B.C.’s carbon tax comes closest to ideal
Of all the absurdities in the cash-grabbing carbon-pricing schemes being imposed on Canadians by their governments, the biggest one is this.
Why are governments that promise to stop giving billions of dollars annually in public subsidies to major industrial greenhouse-gas (GHG) emitters — for example the fossil-fuel industry — devising carbon pricing schemes that give billions of dollars annually in public subsidies to major industrial greenhouse-gas emitters — for example the fossil-fuel industry?
This is the key feature of both Ontario Premier Kathleen Wynne’s cap-and-trade plan and Alberta Premier Rachel Notley’s carbon-tax plan, both coming Jan. 1, 2017.
Both will pour billions of dollars more annually into their debt-ridden government coffers, paid for by ordinary citizens, who will be charged more for most goods and services, in Alberta through higher taxes and in Ontario with higher prices. Both provinces will then redirect a substantial portion of those moneys back to the same businesses and industries that are major emitters of GHGs linked to climate change. Notley’s government will do it directly, by giving them back a big chunk of the money raised by her carbon tax.
Wynne’s government will do it by handing out free carbon credits to major polluters, covering 100 per cent of their emissions, which under cap-and-trade is the same thing as giving them free money.
Both the Notley and Wynne governments claim they will be doing this for the same reason.
That is, to prevent the so-called “leakage” or exodus of carbon intensive industries from their provinces to other jurisdictions that do not have carbon-pricing programs.
For example, the U.S., our largest trading partner, which, unlike Canada under Prime Minister Justin Trudeau, is nowhere near imposing a national carbon price on its industries, despite the constant rhetoric of its so-called “green” president, Barack Obama. This is why people who understand how carbon pricing works — unlike most Canadian politicians and journalists — have warned for years that it had to be done in conjunction with the U.S., and why rhetoric Canada should “set an example for the world” was idiotic. Now, we’re seeing why.
In order to prevent Canadian industries from fleeing to jurisdictions like the U.S., provinces like Alberta and Ontario are doing exactly the same thing that has undermined carbon pricing everywhere it’s been tried, from Norway’s 25-year-old carbon tax to Europe’s decade-old cap-and-trade market.
That is, handing out huge public subsidies to big polluters, or, alternatively, exempting them from carbon pricing. Statistics Norway concluded 14 years ago that the reason its carbon tax has not been effective at lowering emissions (while very effective at raising money) was that it exempted too many industries.

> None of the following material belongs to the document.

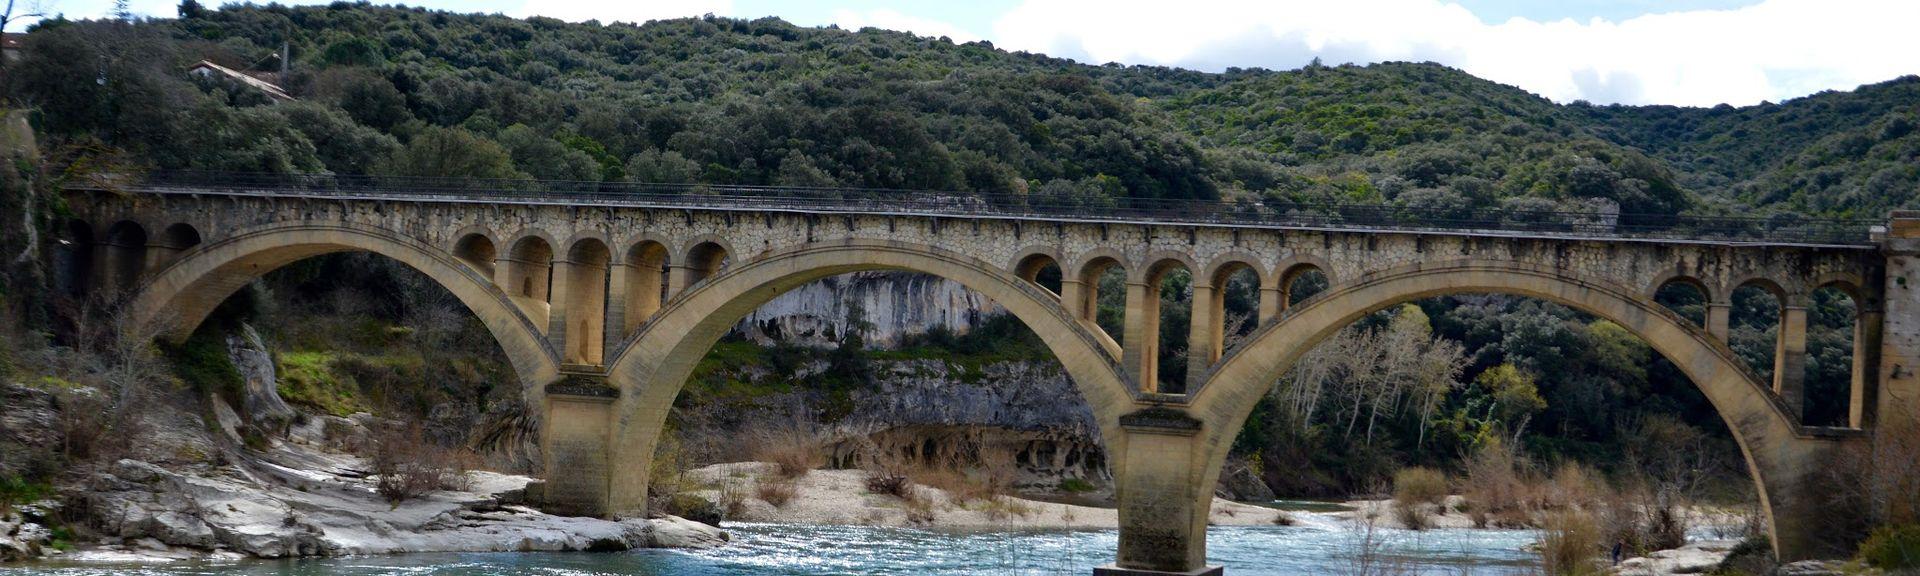 Saint-Jean-de-Ceyrargues, Gard, France

In Europe’s cap-and-trade market, European governments handed out so many free carbon credits to major industrial polluters, that their market price crashed, making it cheaper for them to buy credits rather than reduce emissions.
The realpolitik, or practical versus theoretical reason for governments to subsidize major industrial carbon-dioxide emitters through carbon pricing, is to buy their political support. That’s why no one who understands how carbon pricing works was surprised big business representatives were happy to stand on the same stage as Notley when she announced her carbon tax.
Of course they were. She’s going to give them billions of dollars in public subsidies from her carbon tax, ostensibly to help them make the transition to a greener economy.
Which brings us to the greatest injustice of Notley’s and Wynne’s carbon-pricing schemes.
Why are major polluters being giving billions of dollars in public subsidies to cope with the impact of carbon pricing, at the expense of ordinary citizens who will be paying for it? This is why the only fair and rational carbon-pricing scheme is known as carbon fee and dividend.
It returns 100 per cent of the money governments raise through any form of carbon pricing, which is essentially a new sales tax on consumption, back to the public in income tax cuts. This simultaneously encourages people to save money by making less carbon-intensive choices in their consumer purchases, while promoting productivity and savings by allowing them to keep more of the money they earn
Unlike what Alberta and Ontario — and the Trudeau government — are planning, carbon fee and dividend is revenue neutral, transparent and eliminates the need for scams like carbon credits. That’s because its purpose is to lower emissions, not increase government revenues. Which is why no government in Canada — although B.C.’s carbon tax comes closest — supports it.
Lorrie Goldstein is a Toronto Sun columnist.